Dimension reduction
Cited from https://kzhang.org/SnapATAC2/algorithms/dimension_reduction.html#spectral-embedding
[Fang_2021]: Fang, R., Preissl, S., Li, Y. et al. Comprehensive analysis of single cell ATAC-seq data with SnapATAC. Nat Commun 12, 1337 (2021). https://doi.org/10.1038/s41467-021-21583-9
The dimension reduction method is a pairwise-similarity based method, which requires defining and computing similarity between each pair of cells in the data.
In order to address the issue of high dimensionality in scATAC-seq data, we integrated SnapATAC2 into our workflow. SnapATAC2 utilizes spectral embedding techniques based on the work of Zhang et al. (2021) and Fang et al. (2021). We combined the reference and query data, creating a unified peak-by-cell matrix. SnapATAC2 transformed the count matrix into a cell-cell similarity matrix using the Jaccard Similarity Score, which measures the similarity between cells based on the ratio of their intersection and union. To mitigate sequencing depth bias, the Jaccard similarity matrix was normalized. The normalized matrix was then subjected to eigenvector decomposition to obtain low-dimensional components. To handle the computational complexity of high-dimensional data, SnapATAC2 first sampled “landmark” cells that capture the overall data distribution, and obtained the low-dimensional components for these informative cells. Finally, the remaining cells were projected into the same low-dimensional space, allowing us to obtain low-dimensional components for all cells in the dataset.
Cell-type Assignment
K-Nearest Neighorbors
In the initial cell-type assignment, each query cell is assigned a cell label using its closest K-nearest neighbors (KNN) in the reference atlas, based on the low dimensional embeddings.

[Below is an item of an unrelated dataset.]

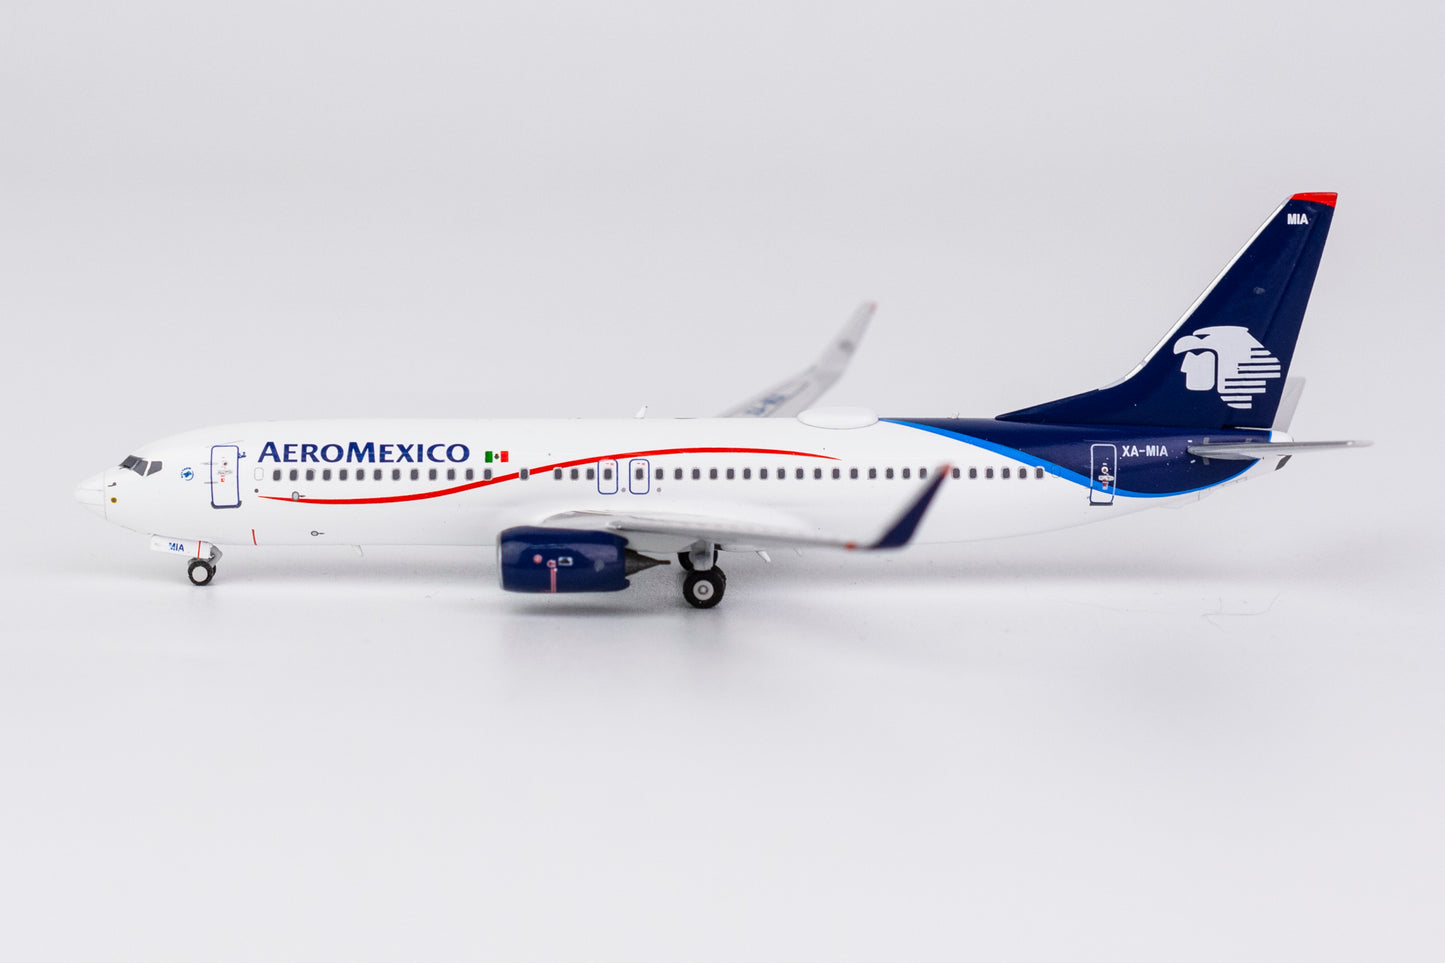 1:400 NG Models Aeroméxico Boeing 737-800 "Blended Winglets" XA-MIA NG58091

To evaluate the confidence of the KNN assignment, we employ two distinct uncertainty score metrics. The first metric is the KNN-based uncertainty score. This score is calculated by considering the closest neighbors of a query cell in the reference atlas. Query cells that have predominantly nearest neighbors belonging to a single cell type are assigned low uncertainty scores, while those with neighbors consisting of a mixture of cell types receive higher uncertainty scores.
The second metric is a novel computation of a weighted distance-based uncertainty score. This approach is based on the concept that query cells located far from the centroid of their assigned cell type represent an unknown population. The computation involves three steps. First, we identify centroids of reference cell types based on low-dimensional components. Second, we assign different weights to the components for each cell type, considering the closeness of reference cells to their respective cell type’s centroid along each dimension.